To assess the impact of homogenisation on trends of HSavg and HSmax, decadal trends are calculated for each homogenisation method and the original data, respectively. Figure 4 shows the trends for HSavg in the left panel and for HSmax in the right panel. Trends are expressed in centimetre per decade for the period from 1961 to 2021 for each method and station of the non-homogeneous sub-set, and black dots indicate significant trends. For HSavg, we found an overall similar pattern across the methods. Figure A3 shows the trends as differences between original and homogenised values for Climatol, HOMER and interpQM for both HSavg and HSmax separately. Two of the original series (St. Moritz, Unterwasser-Iltios) show positive trends, whereas HOMER displays positive trends for Simplon and Glarus. No trends are positive with interpQM or Climatol. Except for Glarus (HOMER), none of the positive trends is significant. Homogenisation made the HSavg trends of 17 (HOMER) and 18 (Climatol, interpQM) of the 40 stations either negative or more negative and of 21 (interpQM), 22 (Climatol) or 23 (HOMER) less negative, respectively. Table 3 describes the mean and median trends across all stations as well as the change from positive to negative and significant to non-significant and vice versa for both HSavg and HSmax. The mean trends of HSavg for Climatol and HOMER appear to be weaker than for the original and homogenised interpQM.

Figure 4 further reveals that the homogenised trends for HSavg mimic the pattern of the original trends, which shows almost zero trends for stations below 500 m, strong negative and significant trends for the group between 1000 and 1500 m, followed by mostly non-significant trends for stations between 1500 and 1600 m a.s.l. This suggests that the various intrinsic ways of building reference series and sub-networks of the underlying homogenisation methods do not have a significant impact on decadal trends of HSavg.

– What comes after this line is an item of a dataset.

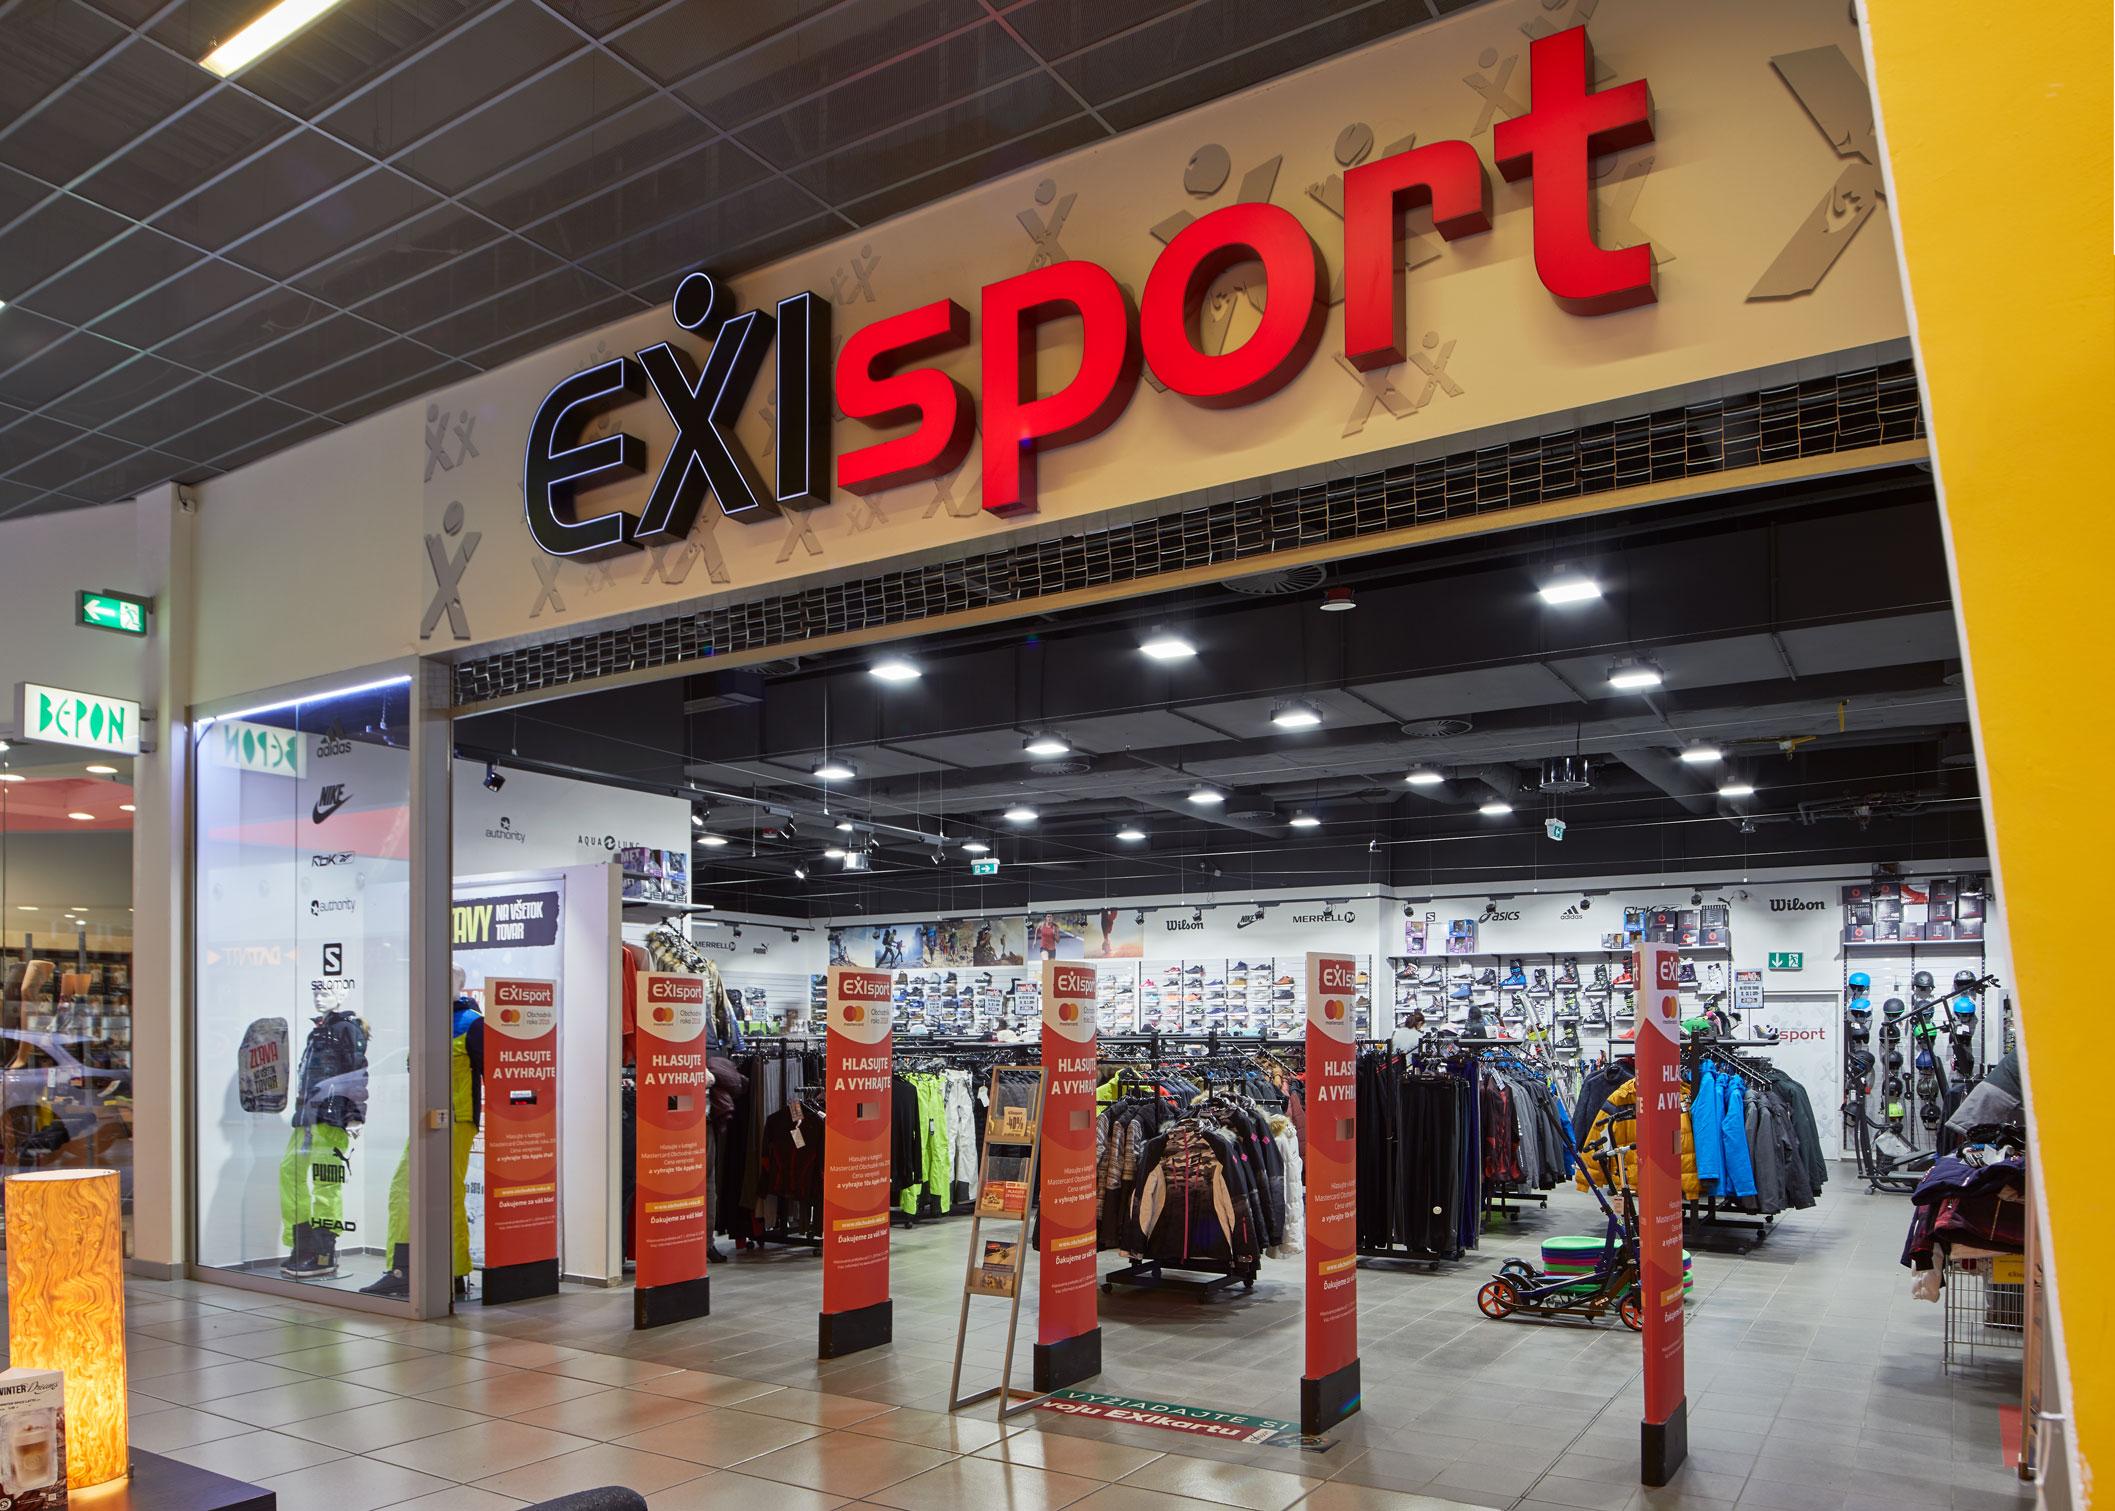 Exisport - Montel

The vast majority of the trends for HSmax, 37 of the original series and 39 for all the homogenisation methods, show a negative trend, as shown on the right-hand side of Table 3 for details. The number of significant trends is about 20 % lower than for HSavg, with interpQM showing the largest and HOMER the lowest number of significant trends. The most striking difference between the patterns of HSavg and HSmax in Fig. 4 is the area without significant trends. This is between 1500 and 1600 m a.s.l. for HSavg for all homogenisation methods and below 1000 m a.s.l. for HSmax, with the exception of time series adjusted by interpQM. There seems be no particular altitudinal pattern, except that the trends below 1000 m a.s.l. are weak for all the methods and increase in strength between 1200 and 1400 m a.s.l. This suggests that the trends for HSmax, in contrast to HSavg, appear to be more sensitive to the underlying homogenisation methods.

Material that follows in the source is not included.